Beth was truly the sweetest person I've ever known. She will be so missed. My thoughts are with her closest friends and family.


----------



## ValentineBBW

I can't believe this, another gone too soon. I really didn't know Beth, but at the last October NJ bash, she and I ended up eating breakfast together as we were the only ones up at the time. We had a long, great conversation. This is so sad. My condolences to her friends and family


----------



## DeniseW

I'm so sorry, Beth was such a sweet girl, always smiled and spoke to me at bashes and such......such a loss


----------



## Leonard

This is as shocking as it is heartbreaking. Rest in peace, Beth.


----------



## imfree

May Beth rest in peace. She was a kind person with wit and a great sense of humor. Beth will be sadly missed.


----------



## HeatherBBW

I've no words to describe the shock and sadness I feel about the loss of Beth. She was beyond wonderful and will be missed incredibly by not only myself, but many. <3


----------



## LinCanDo66

Such sad news. She seemed so sweet and warm when I saw her at the bashes. What a great loss.


----------



## Iannathedriveress

R.I.P, you will be missed.


----------



## Aria Bombshell

It is a very sad day for many. I barely knew Beth, but always instinctually knew that I would adore her. I was too shy to talk to her very much, but when I did, she was alway very sweet. My thoughts go out to all those who knew Beth. I'm so sorry for your loss.


----------



## TJF

Such sad news! She was such a cheerful person! How sad to know she passed away... she seemed to enjoy life with no trace of sadness about her chronic illness... Oy, what a loss of young life! My heartfelt condolences to all her friends and family!
TJF


----------



## Jon Blaze

I spoke to her on a few occasions. She was always so kind. May she rest in peace.


----------



## AnnMarie

I joked with her often that she was pathologically nice, she really just had the sweetest, most generous, thoughtful heart. Anyone who met her knows this to be true. I will miss her very much, always a bright light when I knew we'd get to see her and spend a little time. 

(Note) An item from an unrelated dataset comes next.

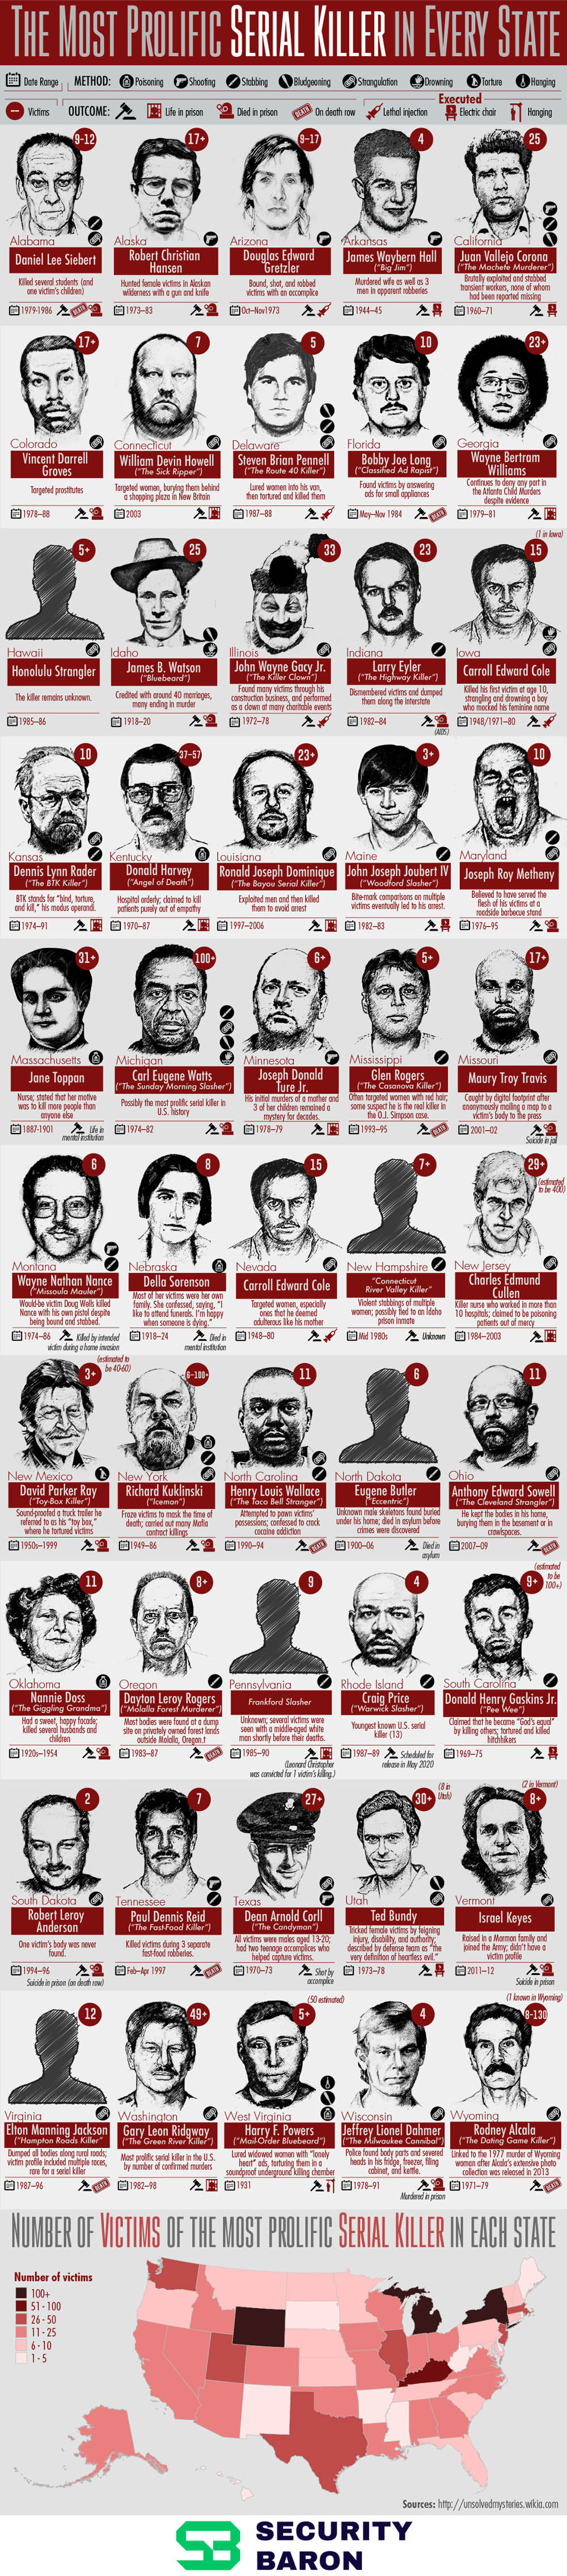 The Most Prolific Serial Killer in Every US State
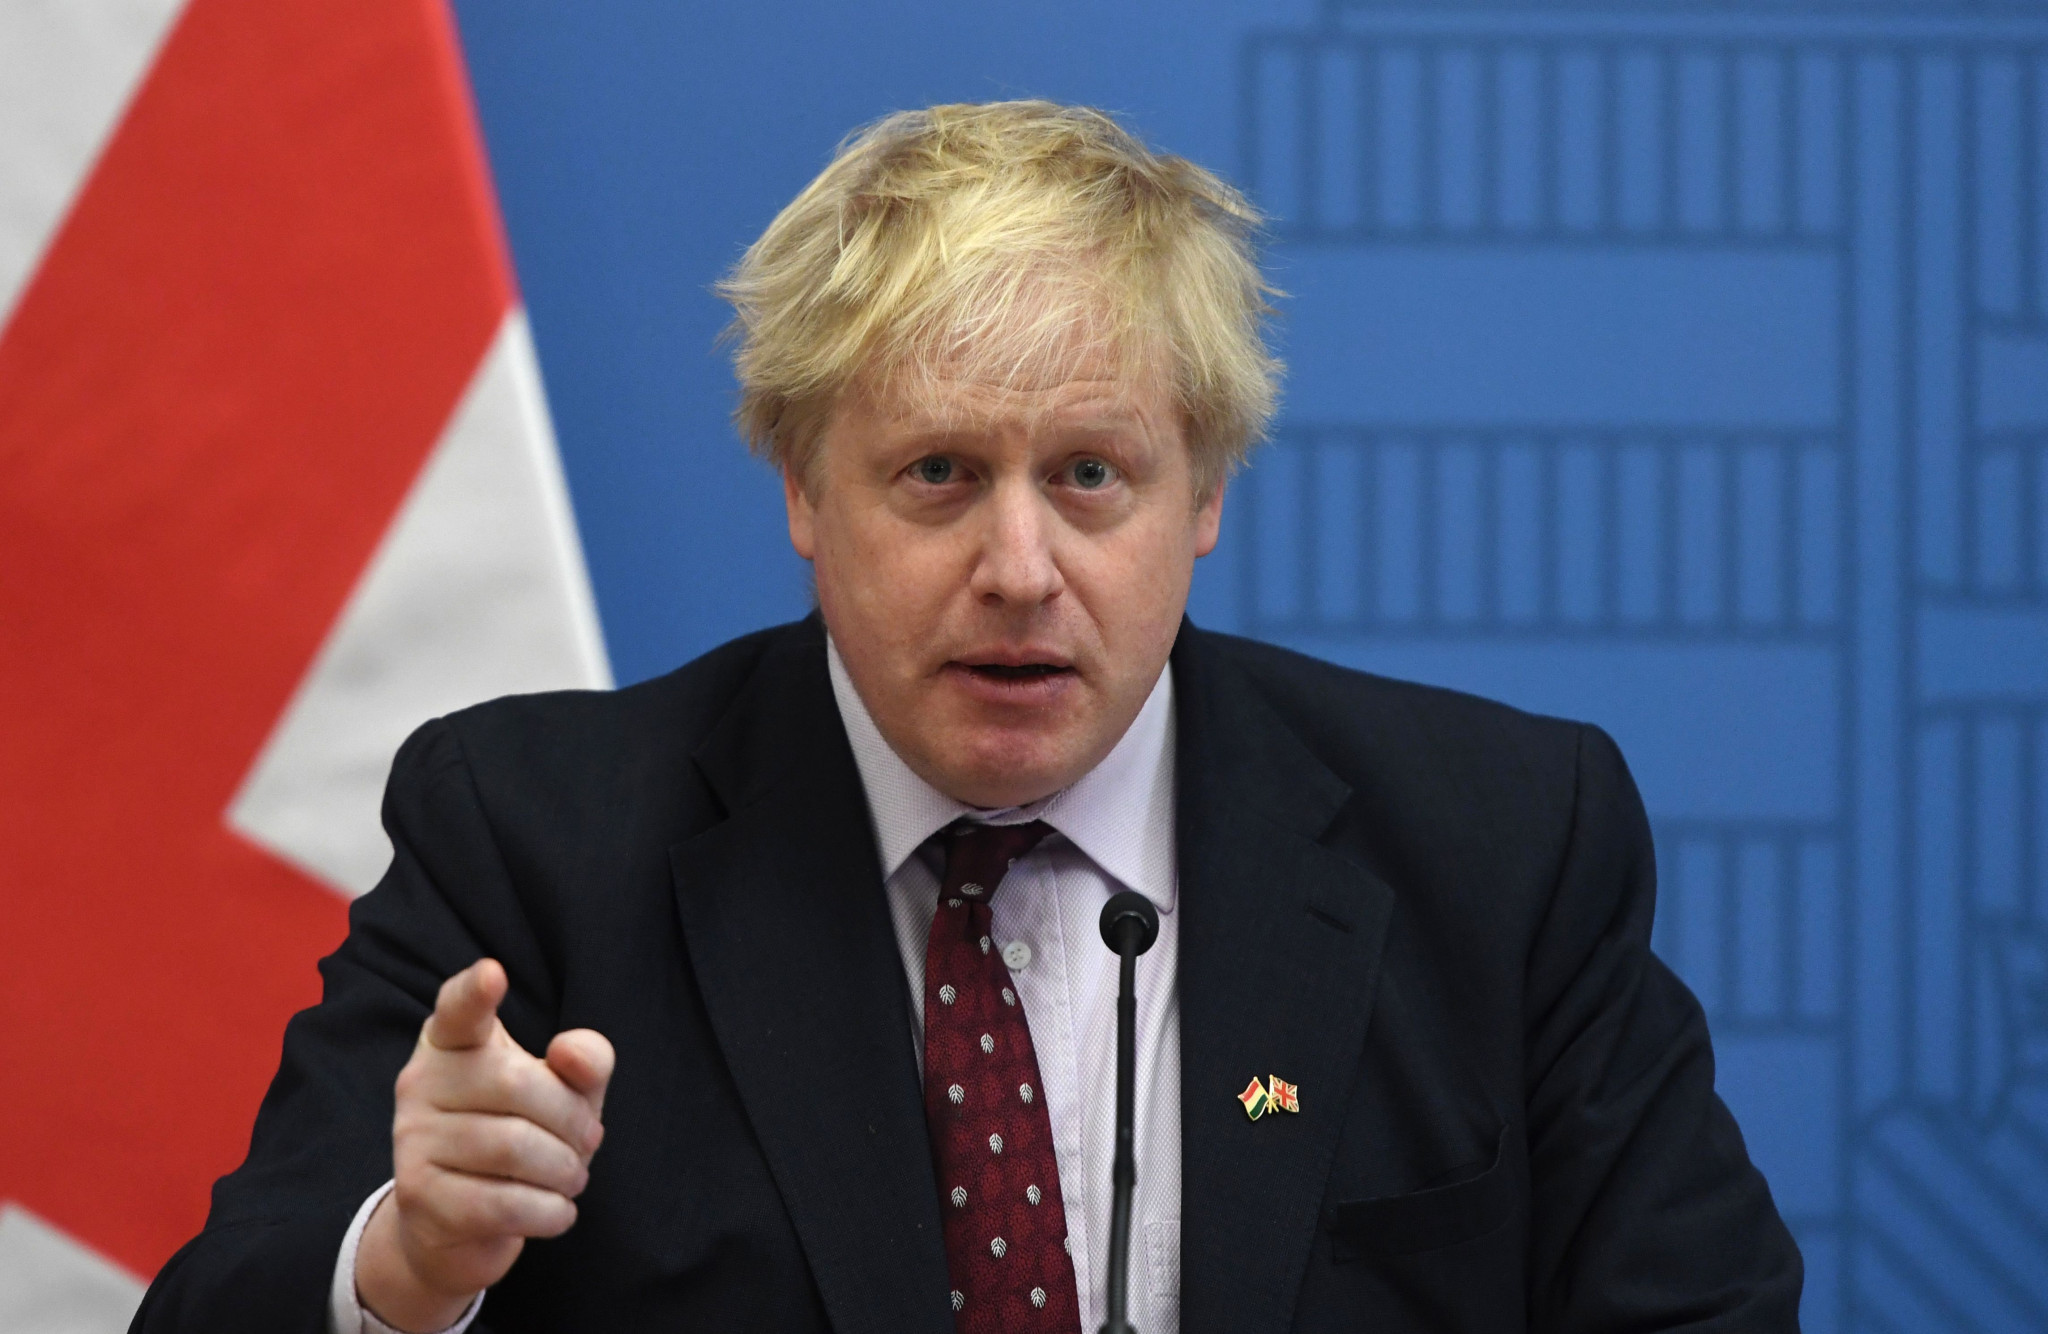 UK Prime Minister Boris Johnson has faced backlash on social media after suggesting that Ukraine should get bye for Qatar 2022 FIFA World Cup ©Getty Images

Rest in peace, Beth - we all miss you very much.


----------



## toni

Such sad news. 
I know the last few months had been rough for her. My heart is breaking for Fabian and Ken. She meant so much to both of them.


----------



## AnnMarie

toni said:


> Such sad news.
> I know the last few months had been rough for her. My heart is breaking for Fabian and Ken. She meant so much to both of them.




So true, Toni - I keep thinking of them also.


----------



## PhatChk

This is heartbreaking. Beth always had a smile for me when ever we met. She even got along pretty well with my sister. She was a truly loving and caring person. I am happy I got to have a long talk, laughs and share stories last time I saw her during the NYE Bash. Rest in Peace Hunny.


----------



## Ivy

this is so incredibly sad. my thoughts are with all who were close to her.


----------



## Reenaye Starr

I have always been a fan of hers. She was truly beautiful. Very sad news. My thoughts are with her family and all of those close to her.


----------



## CrankySpice

Beth was a doll, pure & simple. Even though we'd only known one another through emails, she gave me a wonderful Christmas gift when she was up here for NYE. I was so touched by her generosity and thoughtfulness. We shared a love of all things Disney and had many conversations about how awesome the parks were. I'm glad she got to spend so much time at the happiest place on earth because she definitely deserved it. 

My thoughts go out to Fabian, Ken and the rest of her family. May she rest in peace.


----------



## Marlayna

Very sad news. She looked very young. Rest in peace.


----------



## MistahSmooth_CT

This is so sad, Rest In Peace.


----------



## SuperMishe

I would consider Beth a friendly acquaintance and I'm sorry I didn't know her better. The times I had brief conversations with her, she was always sweet and fun to chat with. RIP Beth, my heart goes out to your family and friends.


----------



## ant31

damn that really sucks :really sad: , my heart dropped as soon as i saw that she died . that puts things in perspective and lets people know that you have to live your life to the fullest .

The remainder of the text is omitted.